In my 46 years on this earth I’ve probably already left an “environmental footprint” that exceeds many small island nations. I’ve owned cars and vans for years with utterly no idea how much gas they consume per kilometre. I can’t say how many appliances I’ve bought without checking their energy efficiency (but it’s a lot). I know excessive packaging ought to be shunned, but has that ever stopped me buying something I really wanted? I doubt it. (And certainly not if it was on sale, or something the kids were crying for.) I still cut myself trying to open those damn sealed plastic packages in which many items are sold, especially electronics. See, I’m even willing to risk personal injury to support bad packaging.

Some wastefulness is hard to avoid. There’s a whole shelf of large software boxes above the computer on which I’m writing this that only ever contained an installation CD. Ridiculous! But I could’ve left the boxes at the store…

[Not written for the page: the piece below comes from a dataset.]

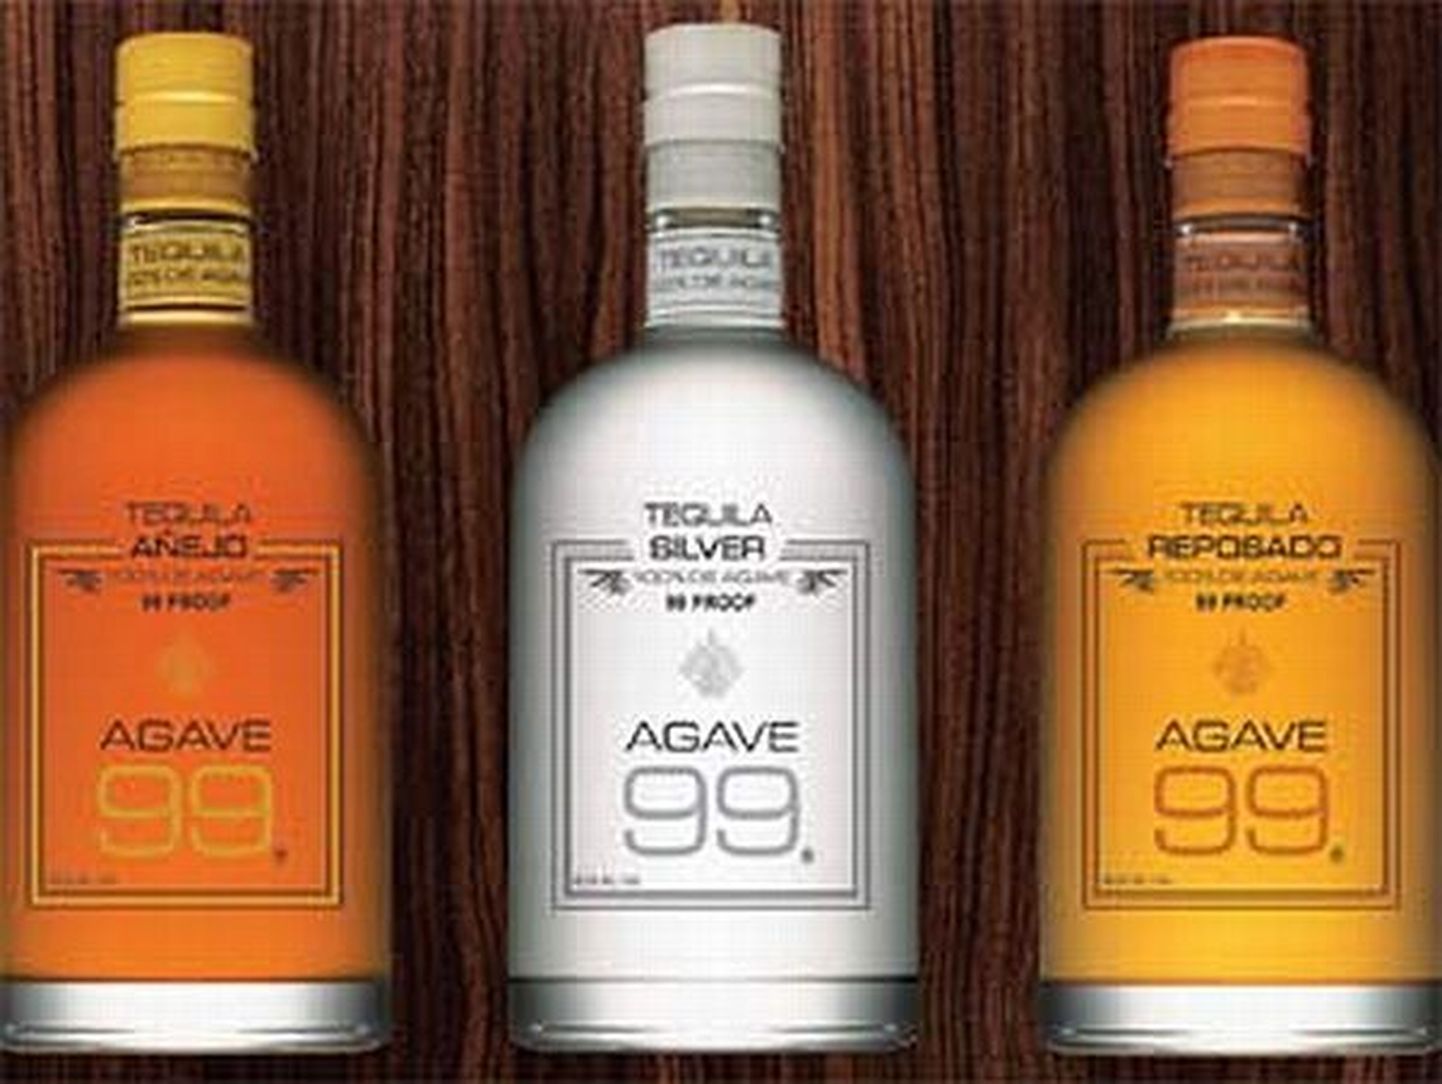 Koššer-tequila Agave 99.

It’s not like I never try to do the right thing. I have some energy-saving showerheads in a box somewhere. I turn off my computer monitor at night. I confess to using paper towels rather than reusable cloth (out of concern for kitchen germs). I’ll buy the ones made from recycled phone books when I find a store that sells them.

Those are all the environmental crimes I have space to confess here. I promise to do better, and by the time you read this I’ll have replaced most or all of my incandescent bulbs with compact fluorescents. Maybe.

Hate me if you like, but let he who is without sin cast the first stone!

Guy Crittenden is editor of this magazine.